Hey everyone, it is Louise, welcome to our recipe site. Today, we’re going to prepare a special dish, protein rich adai dosa for breakfast / dinner. One of my favorites food recipes. For mine, I’m gonna make it a bit unique. This will be really delicious.
Protein Rich Adai Dosa For Breakfast / Dinner is one of the most favored of recent trending meals in the world. It is appreciated by millions every day. It’s simple, it’s fast, it tastes yummy. They are nice and they look fantastic. Protein Rich Adai Dosa For Breakfast / Dinner is something which I have loved my whole life.
Adai Dosa Here we are going to see how to make adai dosa in tamil. Adai dosa recipe is very famous in the states of Tamil Nadu and Kerala. Poha Adai/அவல் அடை/Dinner & Breakfast Recipe/Tiffin recipe.
To get started with this particular recipe, we must prepare a few ingredients. You can cook protein rich adai dosa for breakfast / dinner using 13 ingredients and 5 steps. Here is how you can achieve it.
The ingredients needed to make Protein Rich Adai Dosa For Breakfast / Dinner:
- Get Raw Rice
- Prepare Idli Rice
- Make ready Urad Dal
- Make ready Toor Dal
- Make ready Chana Dal
- Take Moong Dal
- Prepare Chick pea
- Prepare generous pinch Hing
- Get Fennel seeds
- Get as required Red Chillies
- Make ready Big Onion – medium sized finely chopped
- Prepare as per need Coriander leaves and Curry leaves finely chopped
- Take oil and Salt to taste
Adai dosa or orange dosa as I call it is a healthy breakfast recipe from the South. Adai is a combination of rice with a range of colorful lentils all soaked together and ground to form a thick batter and later spiced up. Adai is made of lentils and rice. It is usually prepared for breakfast and is filling and healthier than dosa.
Steps to make Protein Rich Adai Dosa For Breakfast / Dinner:
- Soak the rice and dhals for at least 2-3 hours, Keep aside. Grind it together with red chillies and fennel seeds to a coarse paste. Add salt, hing mix well and set aside.
- Add onion, coriander leaves and curry leaves into the batter and mix well. Add little water to make it to slightly running consistency slightly thicker than the dosa batter.
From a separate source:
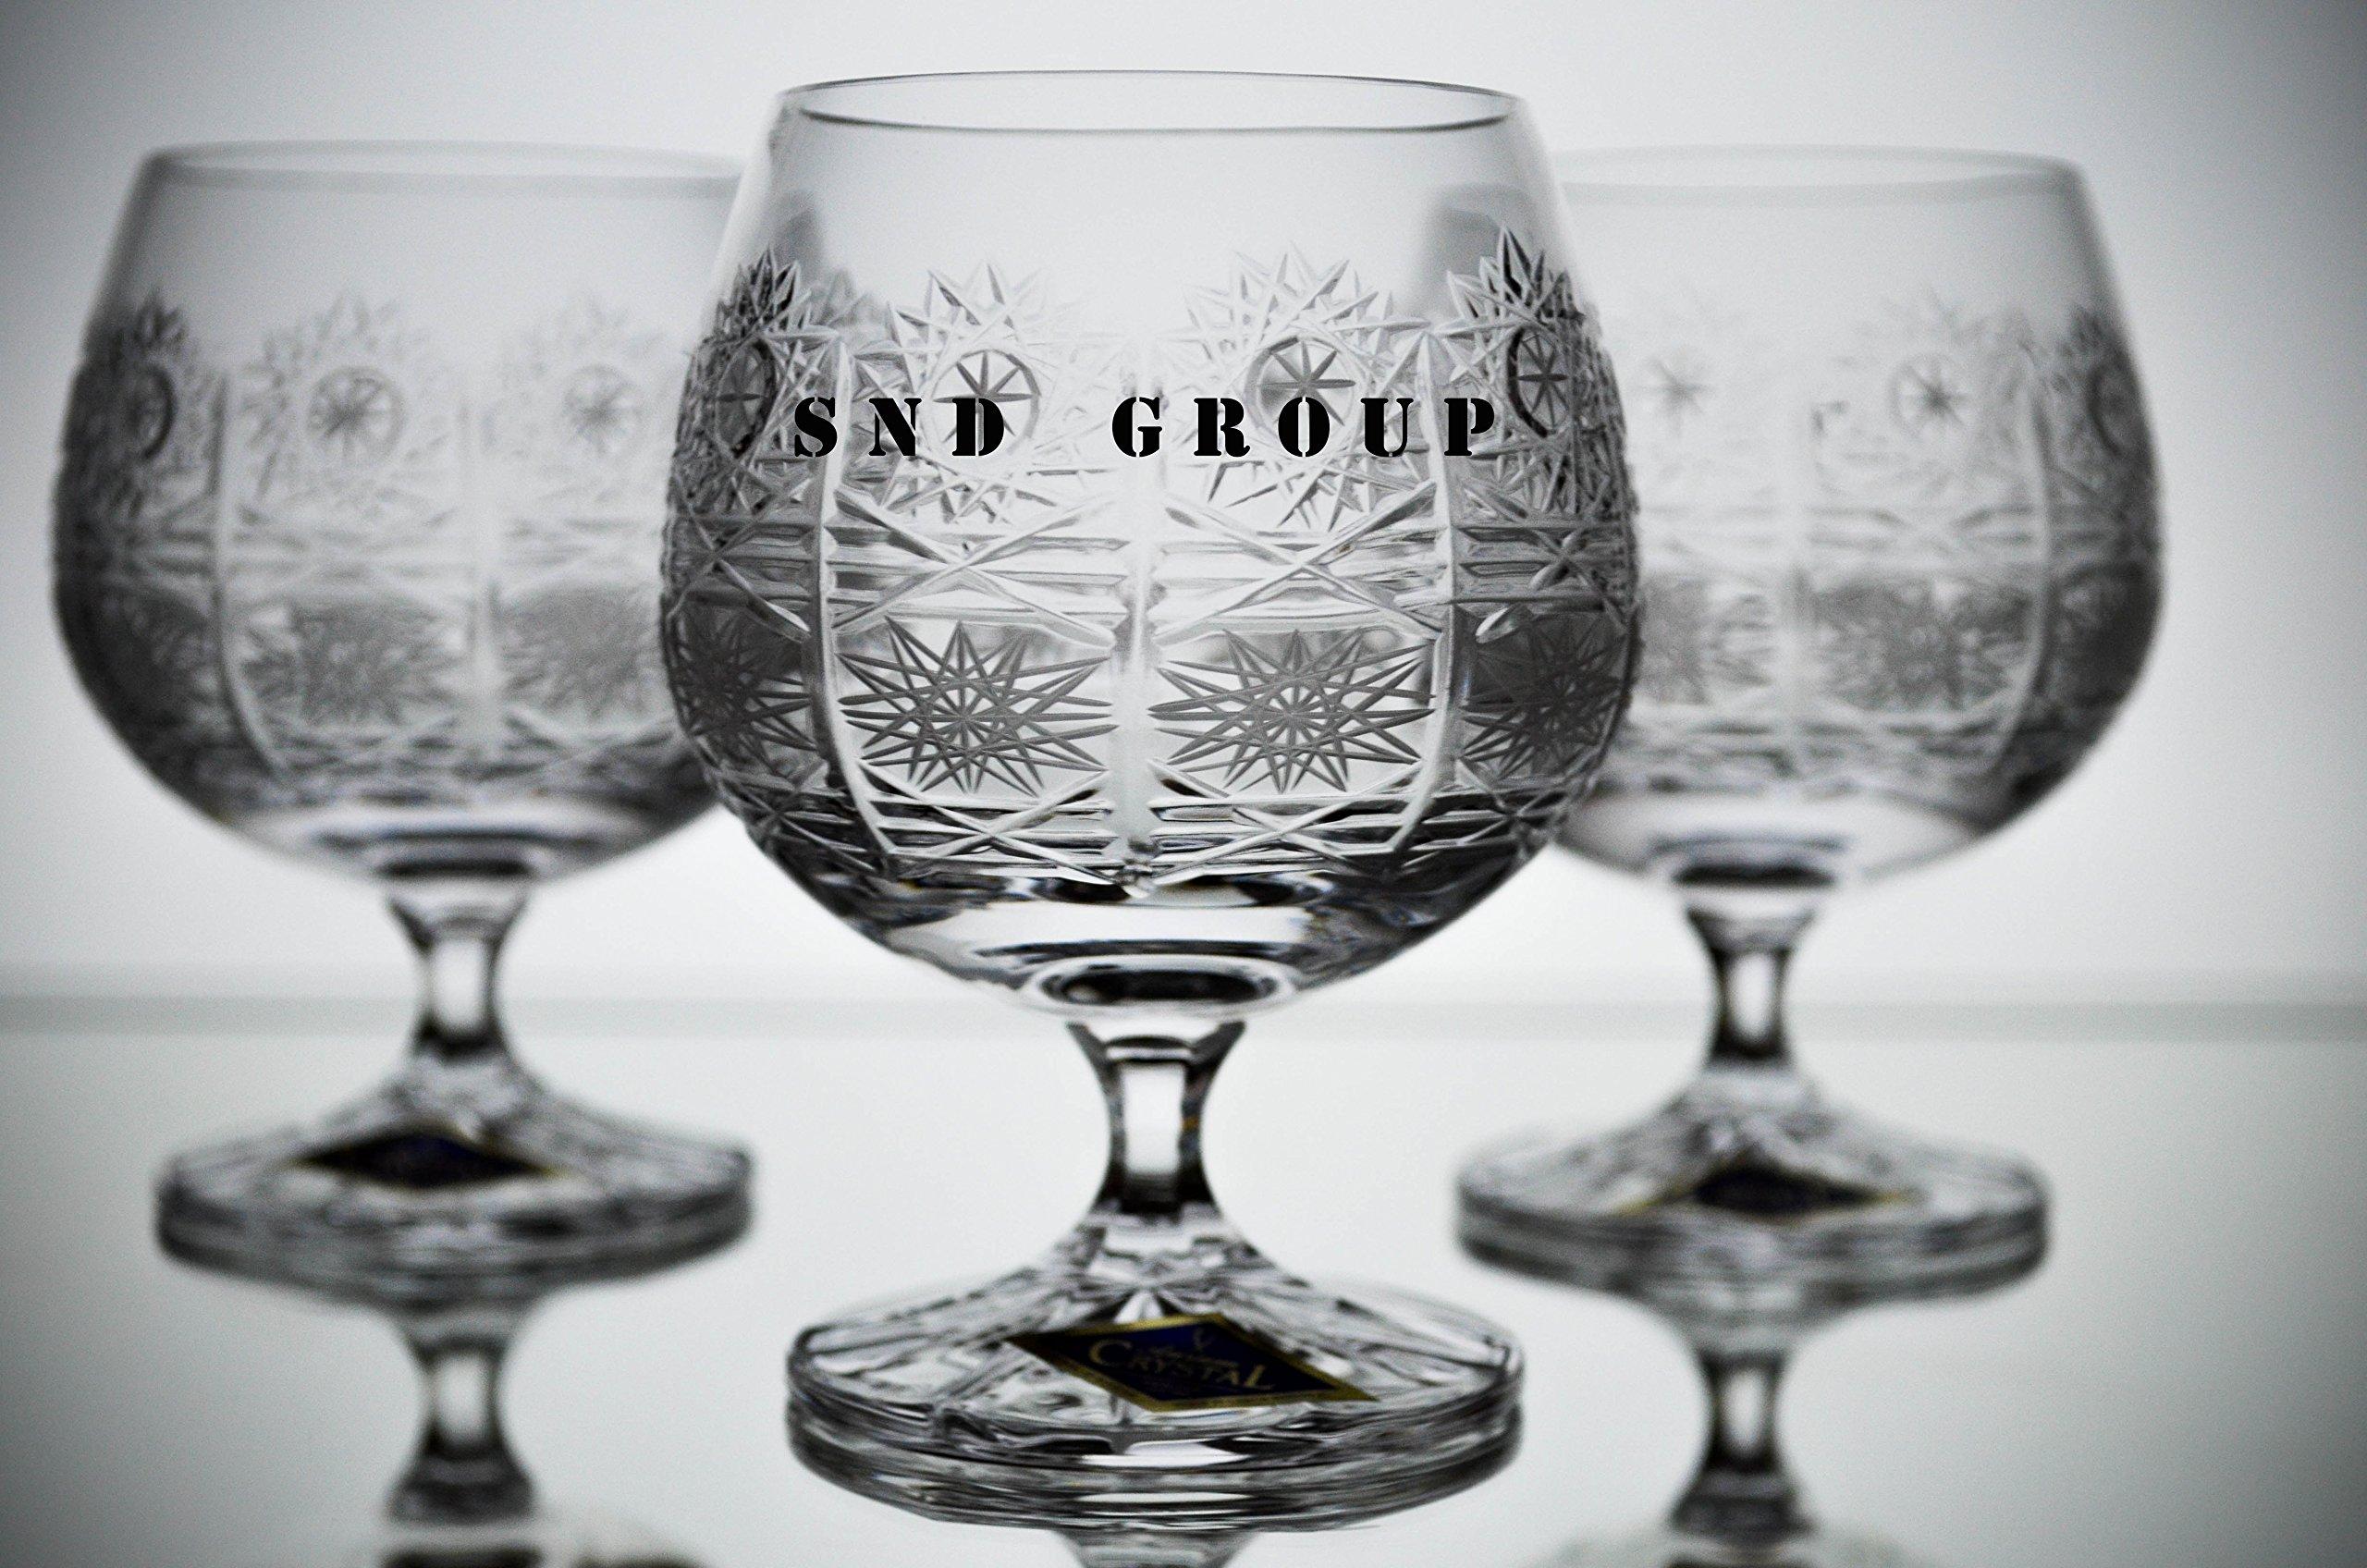 BOHEMIAN CRYSTAL GLASS SNIFTER GLASSES 8oz SET OF 6 COGNAC BRANDY ARMAGNAC CALVADOS WHISKEY STEM GOBLETS HAND CUT CRYSTAL GLASS VINTAGE EUROPEAN DESIGN CLASSIC CZECH CRYSTAL GLASS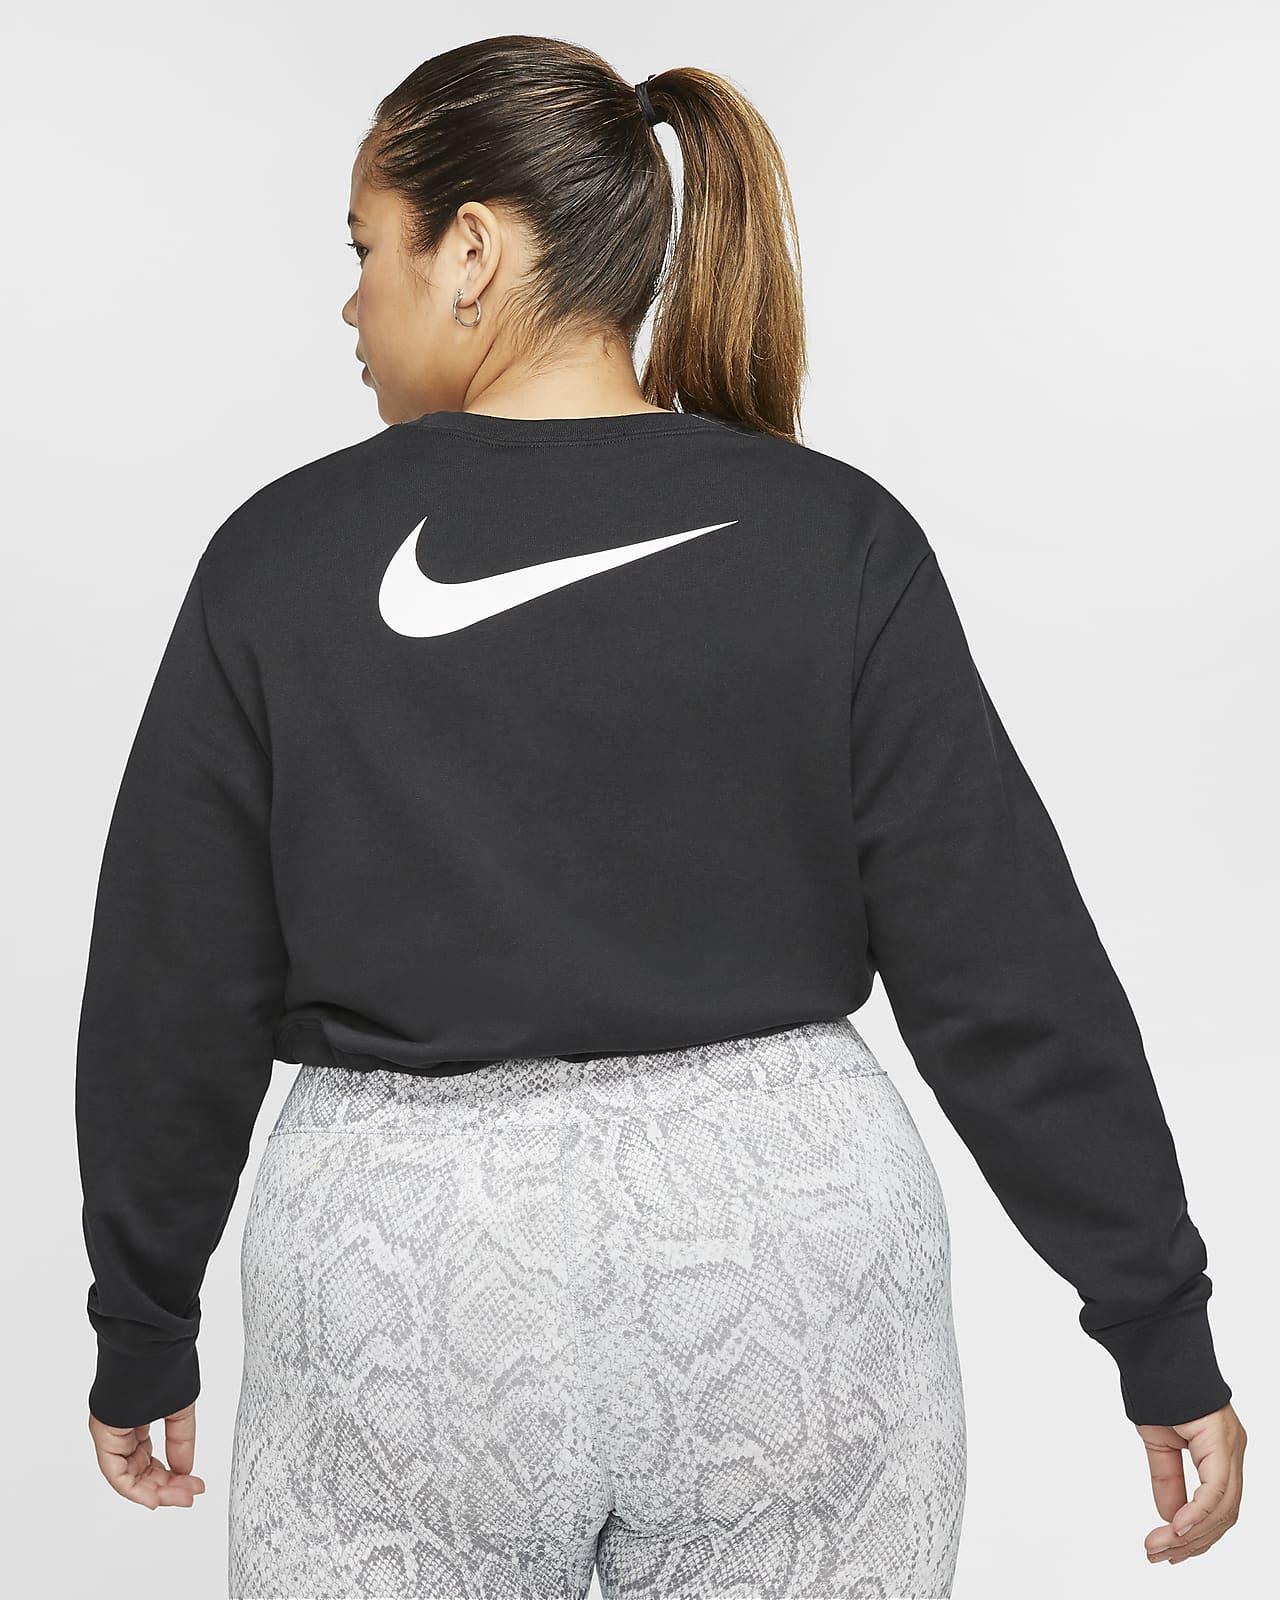 Nike Sportswear Swoosh Women's French Terry Crew. Nike NL

- Heat the dosa tawa, take one ladle full and spread the batter as we do for dosa. Drizzle little oil and once it is cooked turn to other side and cook till golden brown.
- Serve hot with coconut chutney or avial.
- MY NOTES : - - If you want a more spicy version add more red chillies while grinding. - - Grind it coarsely not too smooth.Once the batter is ready you can make your adais right away. We usually grind it onion to make it for dinner and keep the extra remaining batter till next day morning(keeping it refrigerated) - - You can also spread the batter even more thicker. We prefer this way to get crispy dosa style adais. - - You can also include a small piece of ginger while grinding.
I have added a handful of drumstick leaves to increase the nutritional value. So this adai is rich in iron also. It is very simple to prepare and does not need much planning as for dosa. If you like Adai Dosa Iron Rich Breakfast Recipe, you might love these ideas. · Adai is a Dosa-like dish prepared from a combination of lentils and rice. It's a very healthy, wholesome, crispy, delicious, protein-rich and nutrient-dense south Indian breakfast recipe.
So that’s going to wrap this up for this exceptional food protein rich adai dosa for breakfast / dinner recipe. Thank you very much for reading. I’m confident that you can make this at home. There is gonna be interesting food at home recipes coming up. Remember to save this page in your browser, and share it to your family, friends and colleague. Thank you for reading. Go on get cooking!